I spent a decade of going to neurologists and getting brain scans, but they couldn't tell me what was wrong. I went to the Mayo Clinic. While I was there, they told me to drop by the fibromyalgia clinic. That's where I learned about fibro fog. And a lot of other things I'd never realized were part of the fibromyalgia. Turns out sensitivity to bright lights and loud noises and certain smells were all part of having hypersensitive nerves. Also why a friendly pat on the back stings for several minutes. And the brain gets overwhelmed from all that extra signal constantly flooding it, and sometimes it gets burnt out, and that's why I'd lost my higher processing power and why trying to focus made me feel woozy. Also, it interferes with the body's ability to get restful sleep. It takes longer to fall into the deeper sleep stages, and when you come out of them, you tend to zip back to stage 1 sleep and have to restart the whole cycle instead of being able to float around in the middle stages and dip back down into REM. It was great to finally have answers. But there was nothing they could do to help. They had some suggestions, like cognitive rehab therapy, but nothing panned out.

It was the hardest thing I've ever done, but I sat down and accepted that I was never going to get my life back on the track that had been so clear since I'd been a kid. I was never going to finish my engineering degree. Never going to have a career designing medical equipment. Already in high school, I'd had to accept that my body's physical limitations would mean I'd have to focus on making the most of my mental capacity. But with that hobbled, too, I was short of options. I tried opening a restaurant. Not something I'd ever expected or even considered. But I had high hopes for it. We were going to take in people who faced unfair discrimination, like homeless people, disabled people, veterans, etc. We were going to train them in a comfortable, understanding, and flexible environment. We would teach them every aspect of the business, so they could fill in for each other while also earning valuable and marketable job experience. We'd decorate the walls with the works of local artists, with everything available for sale. We'd build a space where customers could feel relaxed and welcomed, an oasis from the troubles of the world. We'd turn the bathroom walls into giant chalkboards so people could doodle. We'd have a family play area with books and games out back. We'd buy ingredients locally and sustainably, and have a specials menu based on what we could find fresh that day. But, well... that didn't work, either. For a lot of reasons. Trouble with the building. Trouble with a major storm. Trouble with renovations. Trouble with misplaced trust. And... my health taking a dramatic turn for the worse again, so that I was stuck, woozy and barely functional. Barely able to sit up or walk or think. Everything fell apart. I had to give up on that, too.

[2] I'd long since gotten used to having a sleep study every year. On top of the fibromyalgia (and possibly also chronic fatigue syndrome, depending which doctor you ask), diabetes and hypothyroidism can interfere with sleep quality. And I've got the apnea. And what had started as delayed sleep phase disorder blossomed into a free-running non-24 circadian disorder. I physically can't fall asleep until approximately 25 hours after the last time I went to bed. As a rough average. Give or take. And despite my body forcing me to be nocturnal half the time, I effectively have permanent jet lag. My body being out of sync with my physical time zone makes it harder for me to get quality sleep. I have to keep everything under as good control as I reasonably can, because I'm never more than one bad night away from critical exhaustion. Part of that is getting a sleep study so we can fine-tune the BiPAP pressure settings to minimize the effects of the apnea.

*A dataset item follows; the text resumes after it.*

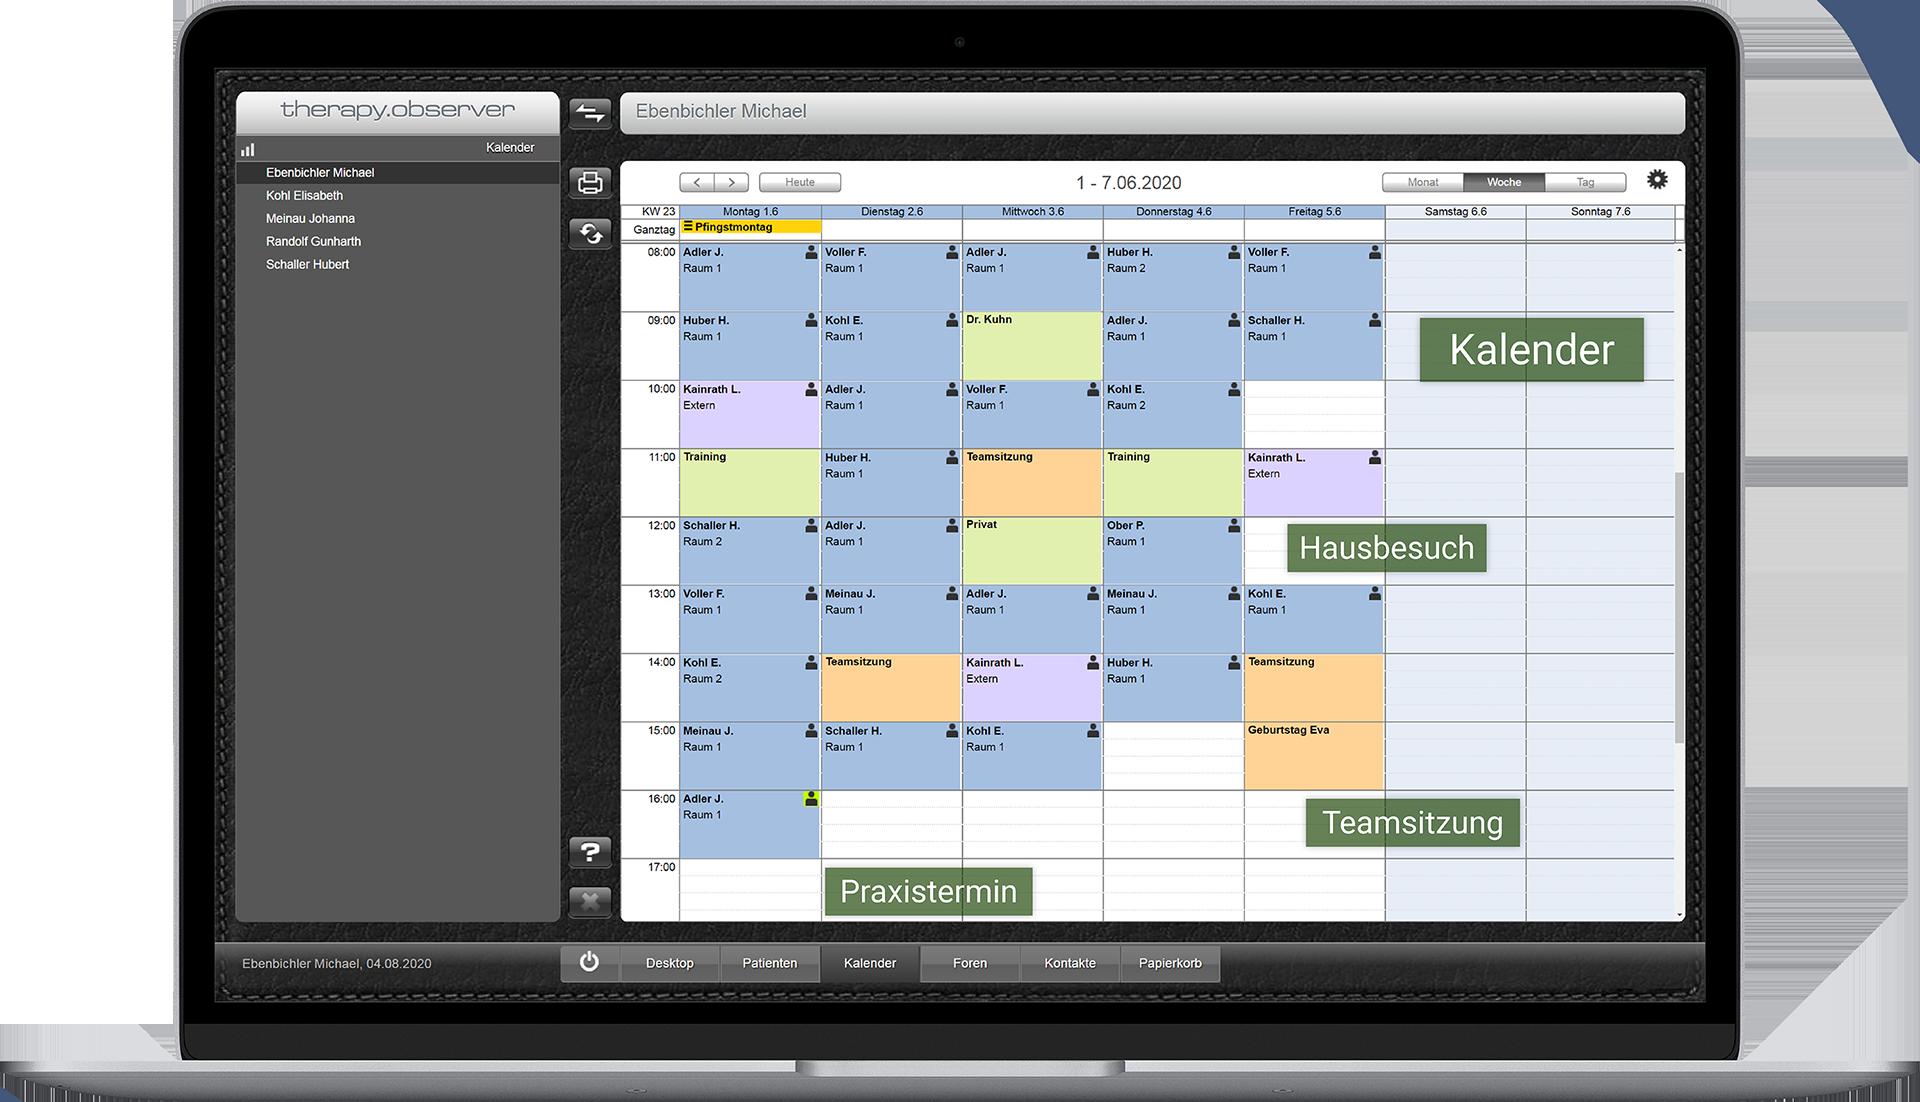 2020_Funktion_Kalender

In late 2016, things got really bad. Several times over the previous decade, I'd gone through periods of weeks or longer where the effects of my poor sleep quality were severe enough that I lost my mind. Wild mood swings, with fits of rage, depression, and hysteria. Increased hypersensitivity. Talking out loud to myself. Anxiety and paranoia. Suicidal urges. Through experience, I learned to ride it out until I could get the next sleep study and get back on track. But I looked it up, and the symptoms I'd been experiencing were exactly the ones listed as reasons that sleep deprivation were classified as a form of torture by international treaty. (So is the use of "stress positions," where you hold the prisoner's body in ways that cause lasting pain across the body without leaving outward marks.) If it wasn't my own body doing it to me, it would be a war crime.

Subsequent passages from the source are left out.